Frank Walter: a Retrospective. Edited by Susanne Pfeffer, Consulting Editor Barbara Paca. Walther Konig/Cornerhouse Publications. 2020.

‘Carnival and Frank Walter’s Universe’ in Find Yourself: Carnival and Resistance. Edited by Barbara Paca. 2019.

Frank Walter: the Last Universal Man. Edited by Barbara Paca. Radius Books. 2017.

Frank Walter. Edited by Barbara Paca. Ingleby Gallery. 2013.

Screen captures of some of Frank Walter’s art.

About the Books:

An exhibition, Frank Walter: A Retrospective was the first to present the oeuvre of the native Antiguan and Barbudan Frank Walter in a museum. The exhibition was curated by Susanne Pfeffer, Anna Sailer, and consulting curator Barbara Paca. The works by John Akomfrah, Khalik Allah, Kader Attia, Marcel Broodthaers, Birgit Hein, Isaac Julien, Julia Phillips, Howardena Pindel, Rosemarie Trockel, and Kathleen, Lady Walter revolve around colonialism in the Caribbean in the past and present as well as the intellectual contexts of colonial and post-colonial thought.

from Find Yourself – Coinciding with Antigua and Barbuda’s National Pavilion at the 58th International Art Exhibition at the Venice Biennale, Find Yourself is an exploration of Carnival as an act of resistance. Paying homage to the earliest uprisings in Antigua and Barbuda, art merges with intangible cultural heritage to create contemporary statements on social justice, or the lack thereof. Frank Walter’s painted and sculpted masks, and his photographic documentation of Antiguans, both in daily life and attending Carnival celebrations is presented for the first time to an international audience.

Frank Walter: the Last Universal Man – Coinciding with Antigua and Barbuda’s inaugural National Pavilion at Venice Biennale 2017, The Last Universal Man is the first comprehensive monograph of this important Caribbean artist. Carefully crafted book made in Verona. Distinguished contributors to the book include Rodney Williams, governor general of Antigua and Barbuda; international affairs professor Nina Khrushcheva; Patricia Scotland, secretary-general of the Commonwealth; Antiguan born businessman and philanthropist Mark Moody-Stuart; neurosurgeon Caitlin Hoffman who analyzed his archive and medical condition; Marcus Nakbar Crump who interviewed Walter as a community activist; relation; and former minister of tourism and economic development Selvyn Walter; and Kenneth M. Milton who undertook the arduous task of conserving Walter’s artwork and archive.

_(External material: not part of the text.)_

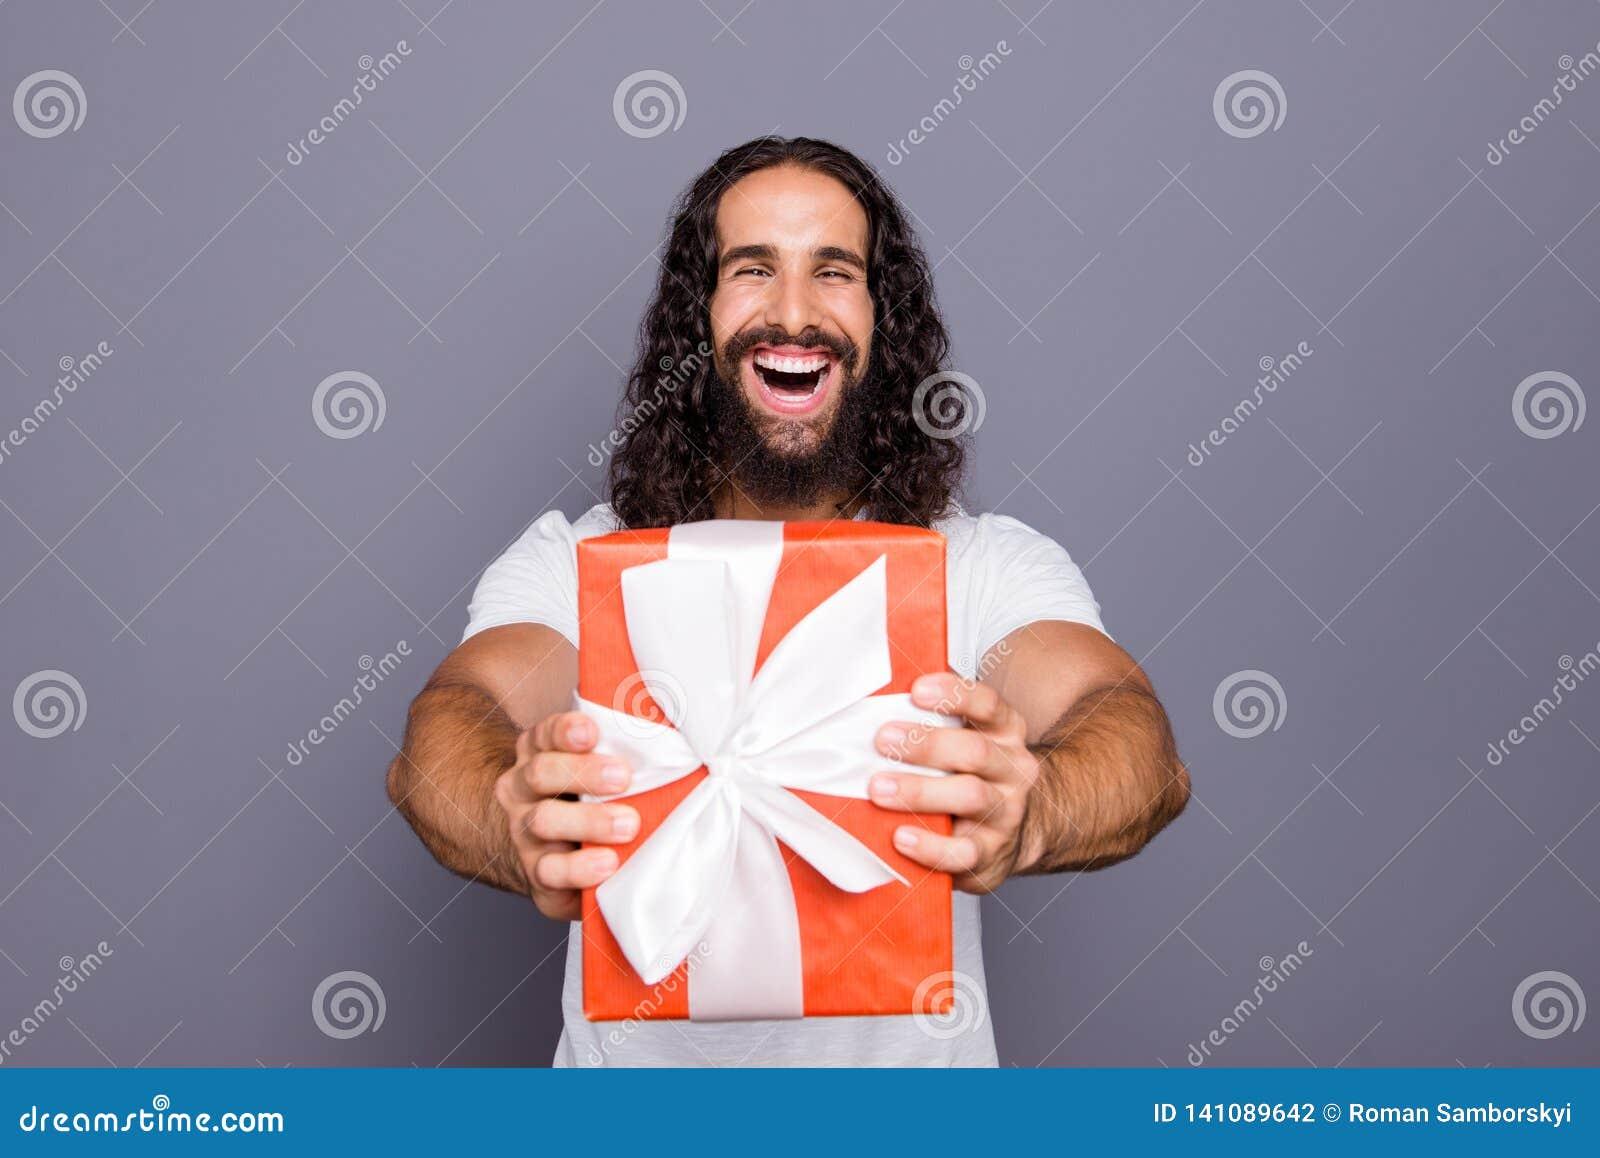 Πορτρέτο δικοί του αυτός συμπαθητικός ελκυστικός εύθυμος χαρωπός εκστατικός ενθουσιασμένος κατσαρός τύπος που δίνει σας που παρου

Frank Walter – To celebrate Frank Walter’s first solo presentation at Miami Art Basel by Edinburgh’s Ingleby Gallery in 2013, this publication provides an introduction to Frank Walter’s life and work. The slender booklet includes numerous color reproductions of Walter’s paintings and an essay by Barbara Paca, art historian, and friend of Frank Walter who has worked closely with the Walter family and a team of experts since 2003 to protect the integrity of the artist and help to preserve his legacy.

As with all content on wadadlipen.wordpress.com, except otherwise noted, this is written by Joanne C. Hillhouse (author of The Boy from Willow Bend, Dancing Nude in the Moonlight, Musical Youth, With Grace, Lost! A Caribbean Sea Adventure, The Jungle Outside, and Oh Gad!). All Rights Reserved. If you enjoyed it, check out my page on AmazonWordPress, and/or Facebook, and help spread the word about Wadadli Pen and my books. You can also subscribe to the site to keep up with future updates. Thanks.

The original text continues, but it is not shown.